We use Filebeat to gather a wide type of logs, and we observe a strange behaviour: Kibana shows that all logs are gathered in a single instant, every couple of days.
For instance, we have 130'000 events in the Nginx http logs, but these events have all the same timestamp, and they're mostly duplicate; there are only 5 or 6 different single events.
We can read the logs manually from /var/log/nginx, and there's nothing unusual, Nginx works well.
The same happens e.g. for the syslog events: they're all gathered together. In this case, we haven't duplicates, but the timestamp is the same.
Same behaviour for the /var/log/secure.
All the events from all different harvesters have the same timestamp e.g. 13th of May 16:24:01.xxx. Only the milliseconds value (xxx) changes.
This is the file /etc/filebeats/filebeats.yml:
filebeat:
prospectors:
-
paths:
- /var/log/nginx/*access.log
- /var/log/nginx/*error.log
input_type: log
document_type: foobar-http
force_close_files: false
fields_under_root: true
close_older: 1h
fields:
env: preprod
structure: http
(other harvesters here...)
output:
logstash:
hosts: ['logs.example.com:5044']
worker: 1
loadbalance: true
index: filebeat
ssl:
certificate_authorities: ["/etc/pki/tls/certs/logstash-forwarder.crt"]

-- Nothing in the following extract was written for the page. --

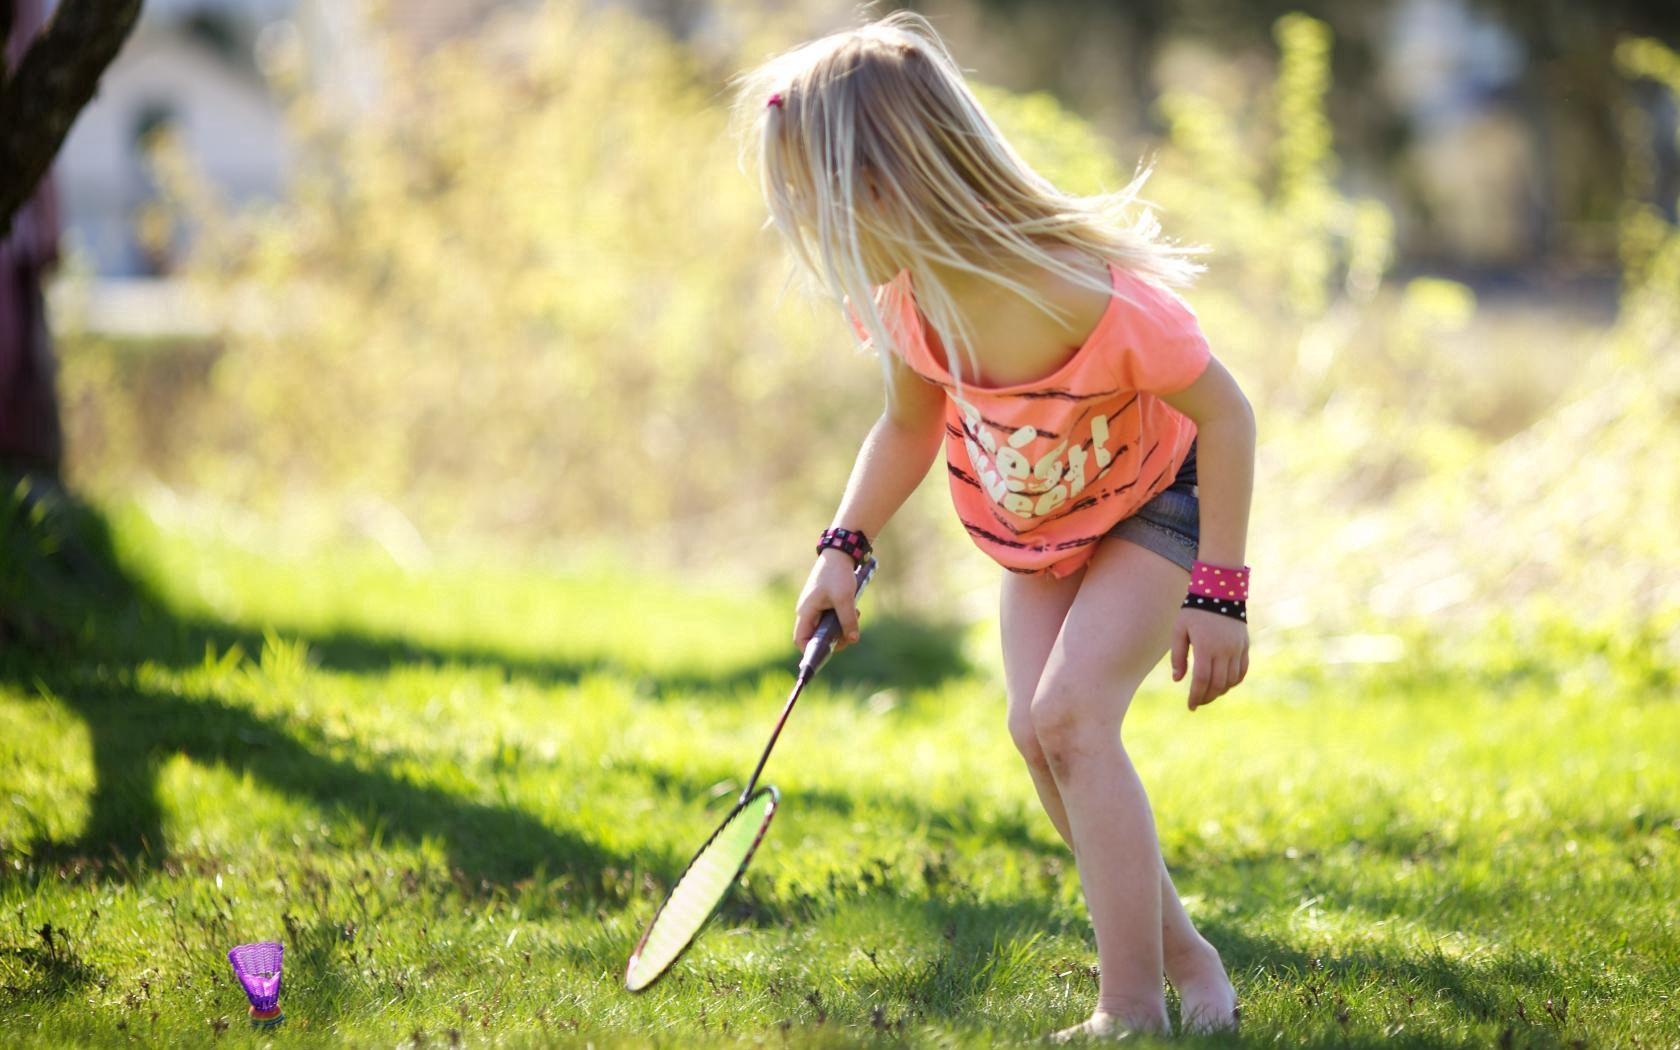 56372 скачать обои Разное, Ребенок, Девочка, Бадминтон, Ракетка - заставки и картинки бесплатно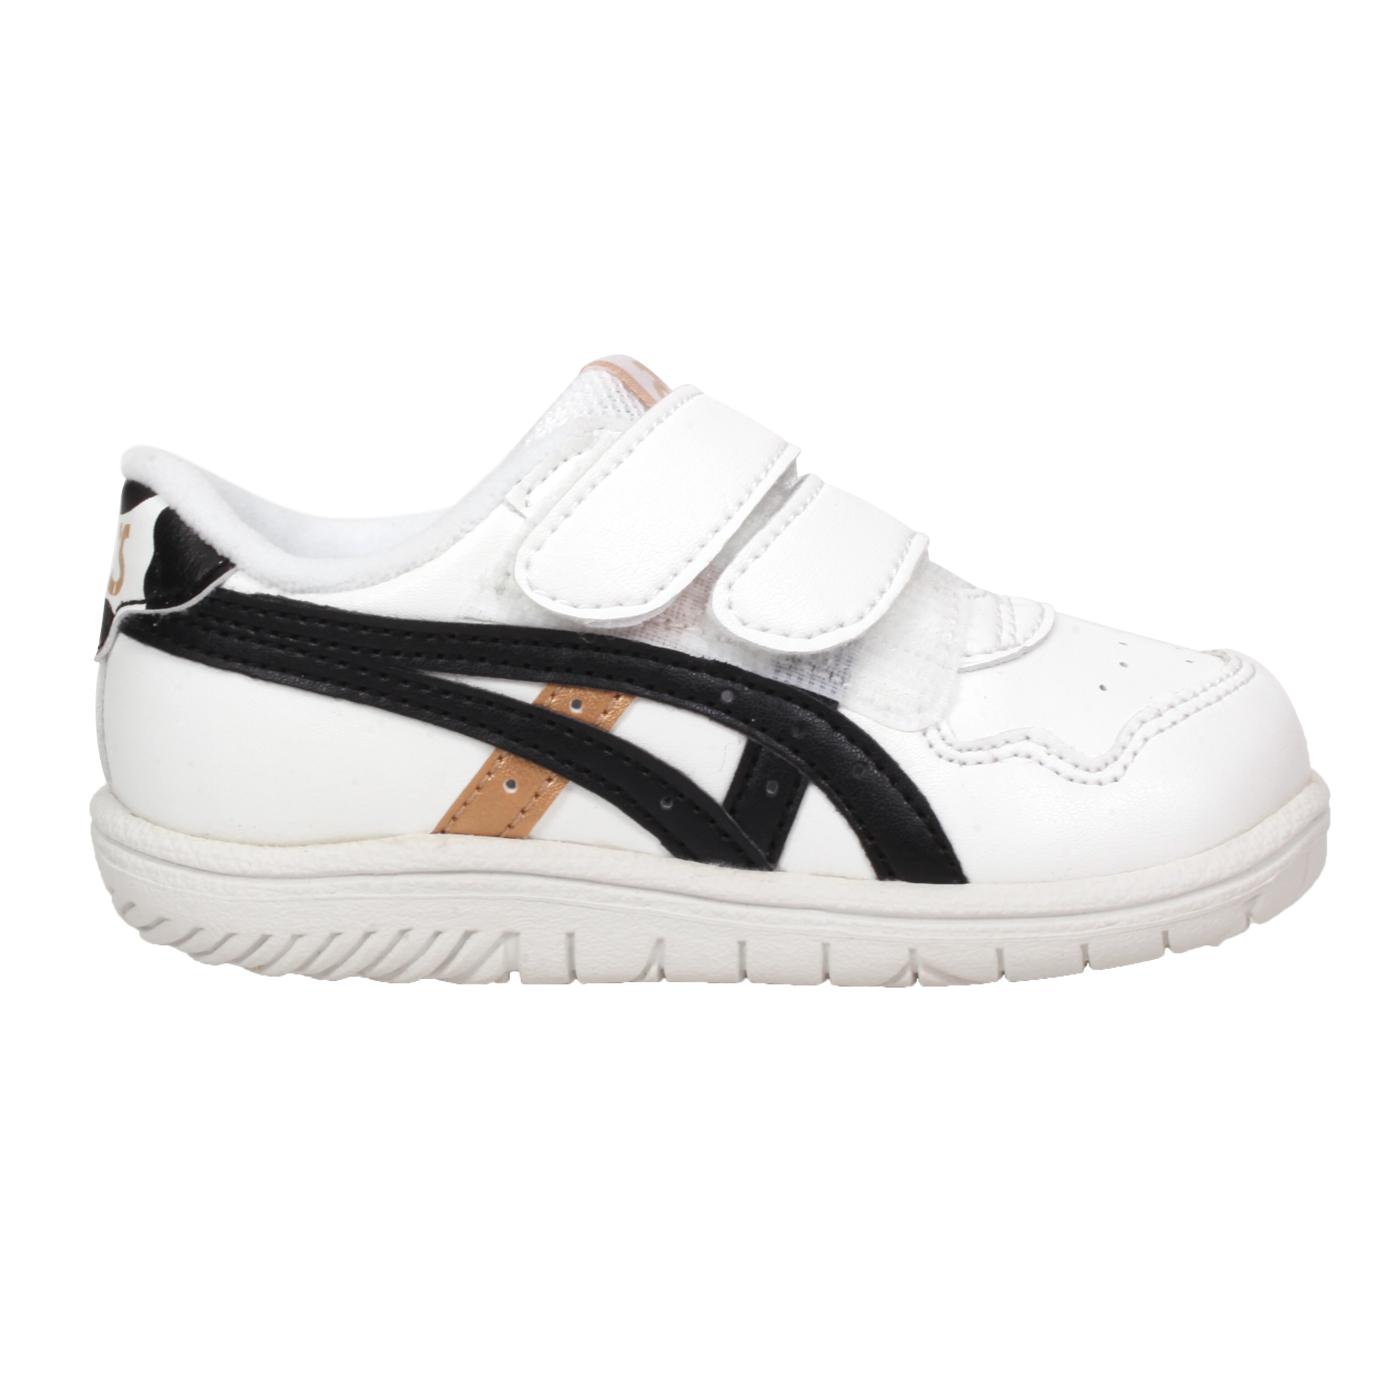 ASICS 小童運動鞋  @JAPAN S TS@1204A021-100

Here are the Filebeat logs:
2018-05-14T11:11:18+03:00 ERR Connecting error publishing events (retrying): read tcp 10.1.1.1:58360->10.2.2.2:5044: i/o timeout
2018-05-14T11:11:46+03:00 INFO Non-zero metrics in the last 30s: libbeat.logstash.publish.read_errors=1
2018-05-14T11:12:16+03:00 INFO No non-zero metrics in the last 30s
2018-05-14T11:12:46+03:00 INFO Non-zero metrics in the last 30s: libbeat.logstash.publish.write_bytes=157
2018-05-14T11:12:48+03:00 ERR Connecting error publishing events (retrying): read tcp 10.1.1.1:58650->10.2.2.2:5044: i/o timeout
2018-05-14T11:13:16+03:00 INFO Non-zero metrics in the last 30s: libbeat.logstash.publish.read_errors=1
2018-05-14T11:13:46+03:00 INFO No non-zero metrics in the last 30s
2018-05-14T11:14:16+03:00 INFO Non-zero metrics in the last 30s: libbeat.logstash.publish.write_bytes=157
2018-05-14T11:14:19+03:00 ERR Connecting error publishing events (retrying): read tcp 10.1.1.1:58876->10.2.2.2:5044: i/o timeout
2018-05-14T11:14:46+03:00 INFO Non-zero metrics in the last 30s: libbeat.logstash.publish.read_errors=1
2018-05-14T11:15:16+03:00 INFO No non-zero metrics in the last 30s
2018-05-14T11:15:46+03:00 INFO Non-zero metrics in the last 30s: libbeat.logstash.publish.write_bytes=157
where 10.1.1.1 is the machine with the Nginx server and 10.2.2.2 is our Logstash/Kibana server.
What could be the reason of the problem? Thanks in advance.